Making matters worse, Reese begins to suspect Joshua, the inspirational and charismatic founder of the shelter, has not gathered their group below entirely by chance. As fear and doubt bloom in the community, Reese embarks on a mission to discover what secrets Joshua is hiding. What she uncovers is unimaginable: the greatest threat may not be in the outside world at all, but instead sealed in the shelter with them. With uncertainty breaking bonds, Reese must decide what to do with the information she has uncovered, and most crucially, who to trust.

About Sonia Fuderer:
Sonia was raised in Louisville, KY, the second of four kids, and lived for the arts. She danced, sang, and played piano and cello growing up. Dance, specifically ballet, was her favorite and she practically lived at the dance studio in high school. She went away to college at Morehead State University and earned a degree in elementary education.

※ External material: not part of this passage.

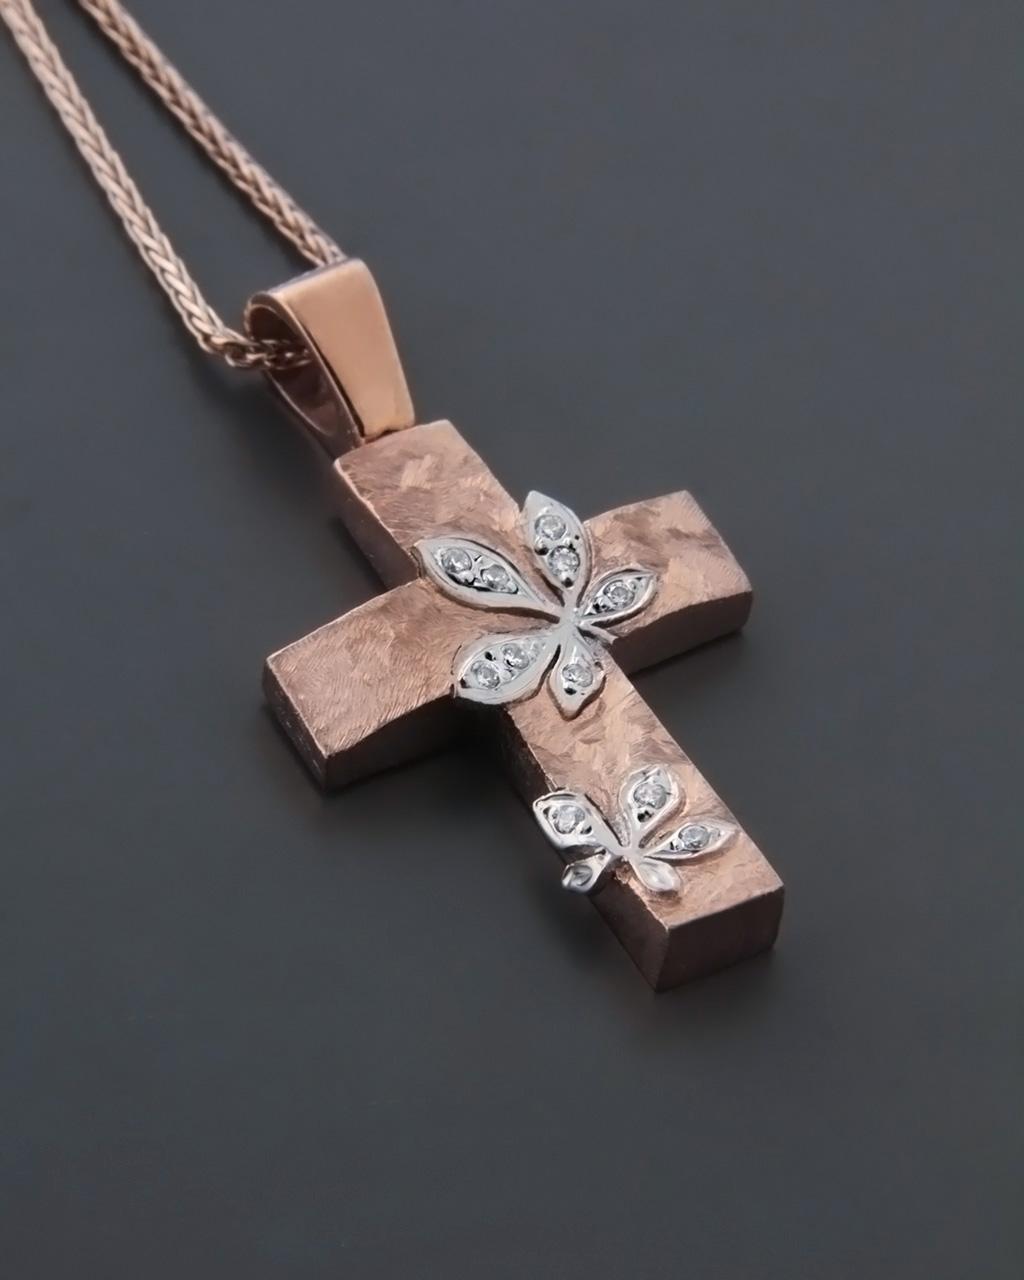 Σταυρός βάπτισης ροζ χρυσός & λευκόχρυσος Κ14 με Ζιργκόν   γυναικα σταυροί σταυροί ροζ χρυσό

She has the incredible honor of being the mother of two of the most amazing kids in the world. They keep her busy, make her laugh, fill her with pride, give purpose to her life, and help her stay grounded.

She taught elementary education for several years before turning her attention to running an after-school program for kids who needed some extra academic help. She started writing The Last Flock in the summer of 2013, after being scared by a TV show.

She loves writing, dancing, knitting, reading, the color blue, peach mango tea, cats, the fall, weddings, fruit, cheering on the Cincinnati Bengals (Who Dey!) and UNC Tar Heels, pedicures, Sour Patch Kids, yoga, Jillian Michaels workouts, watching my daughter dance, listening to my son read and tell jokes, and being married to the best husband in the world.


  1. I could never be a dancer - I've seen how hard they work and can only stand back in awe. I've always been impressed by their ability. I like that dancers use dance as an escape while readers use books. We kind of know how you feel (;

    You are going to make me cry when you talk about your daughter Sonia. I don't know why you still don't dance though. You clearly love it. I would love to see your All of Me choreography by the way. Fantastic guest post!

    1. It's a lot of work, but just like everything else, hard work can pay off. :) So true! And you can have both books AND dance be an escape. Many dancers are actually very interested in creative writing and/or English.

      (Right?! Her post just makes me want to cry because it's so beautiful and so true.)